Ryzen: Strictly technical

Borf · Apr 6, 2017

Kromaatikse said:
Of course not. There's no iGPU, so there's no display signal to send.

Of course I'm referring to the APUs.
I had incorrectly assumed that the HDMI on AM4 was limited to 1.4. For a HTPC this is not an option, but I now see some boards support HDMI 2.0.

Kromaatikse · Apr 6, 2017

Given that this is a desktop platform, I would expect only dedicated display output ports to be used.

I honestly don't know how "alternate mode" outputs work in laptops. In all probability, they just multiplex an actual display output onto the same physical wires.

gtbtk · Apr 6, 2017

CatMerc said:
That would mean DF running at double memory clock would it not?
3200MT/s memory, AKA 1600MHz, would be 51.2GB/s right now.
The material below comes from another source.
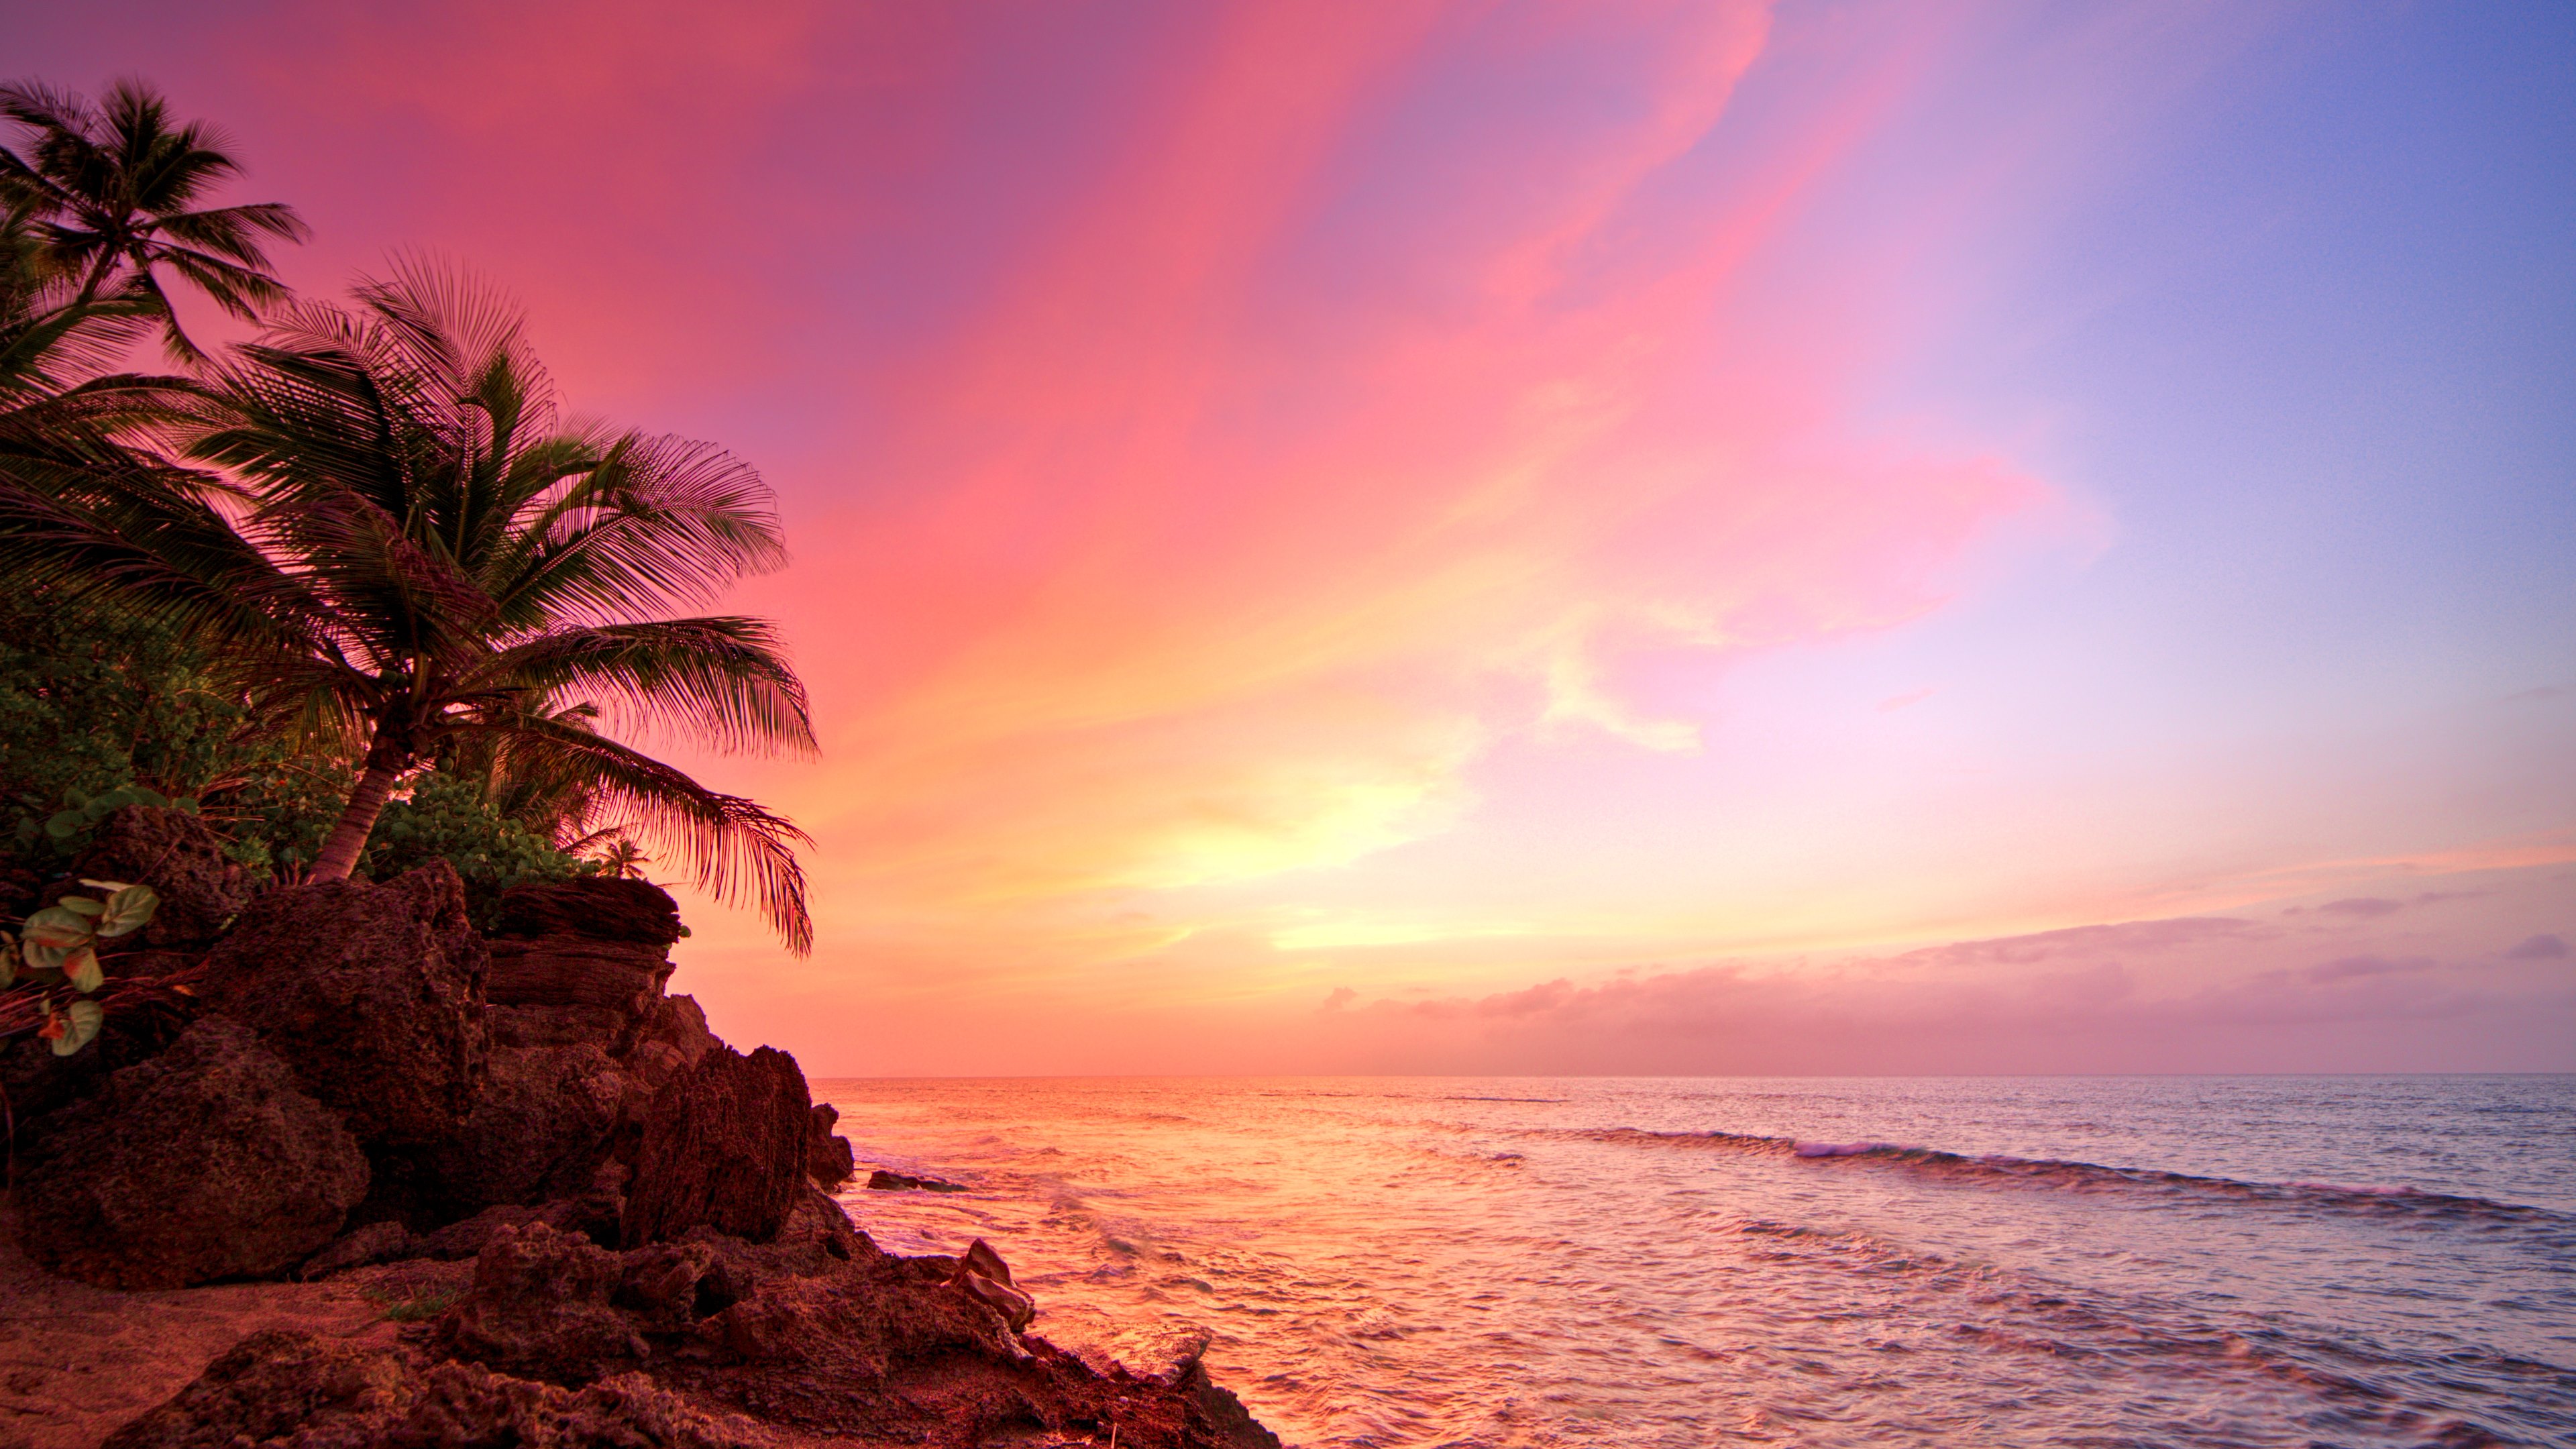 Sunset On Puerto Rican Coast 4k Ultra HD Wallpaper Background

I don't see 6400MT/s memory coming anytime soon, so we have to be talking higher data fabric speeds.

Problem is that the frequency is 1/2 of actual memory frequency, in spite of what the OP stated in this post - please see LClk in the AMD produced slide below.

Using 3200Mhz RAM would give you DF bandwidth of 32Bytes * 800000 cycles = 25.6GBs is the maximum throughput that this design has to the memory, or the PCIe bus, or in between the CCX modules.
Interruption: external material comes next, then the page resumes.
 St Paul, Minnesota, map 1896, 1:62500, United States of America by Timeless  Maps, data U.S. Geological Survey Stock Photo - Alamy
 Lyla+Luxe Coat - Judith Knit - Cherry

Those bottlenecks are the reason that the Gaming performance hits a ceiling with fast GPUs, particularly when you only have 2133 or 2400Mhz Ram installed. The IO hub expects to be getting 22.5GBs of when if you are using 2400Mhz Ram, there is only 19.5GBs available between the CPU and the IO hub, and that is assuming that the CPU/GPU is not actually trying to access memory, storage or swap threads at the same time it is also trying to send data to the GPU.

It also indicates that the Aida64 memory benchmarks are including the L1, L2 and L3 cache performance in what it claims is the memory performance benchmark results inflating the benchmark scores over what can actually be written to the RAM sticks. I can only assume that it is also doing that with Intel chips

If you increase the design to use 8 memory controllers (4 x the 2 that exist now), you get the 100GBs but each module is still going to be connected with 32Bytes per cycle interconnects unless there is a way to overclock the Data Fabric to run at a higher ratio of ram frequency.

JimmiG · Apr 6, 2017

w3rd said:
Have you though about trying a few consecutive cold reboots in a row..?

Yeah sometimes it will even cold boot on the first try too, but I don't want my computer to behave like an old lawnmower, sometimes requiring multiple attempts to start.
Maybe the new AGESA code will solve these kinds of problems, though it might just be an inherent problem with Ryzen's memory controller and higher speed RAM, requiring it to "warm up" before it accepts the highest RAM speeds/lowest latencies.

imported_jjj · Apr 6, 2017

gtbtk said:
Problem is that the frequency is 1/2 of actual memory frequency, in spite of what the OP stated in this post - please see LClk in the AMD produced slide below.

Using 3200Mhz RAM would give you DF bandwidth of 32Bytes * 800000 cycles = 25.6GBs is the maximum throughput that this design has to the memory, or the PCIe bus, or in between the CCX modules.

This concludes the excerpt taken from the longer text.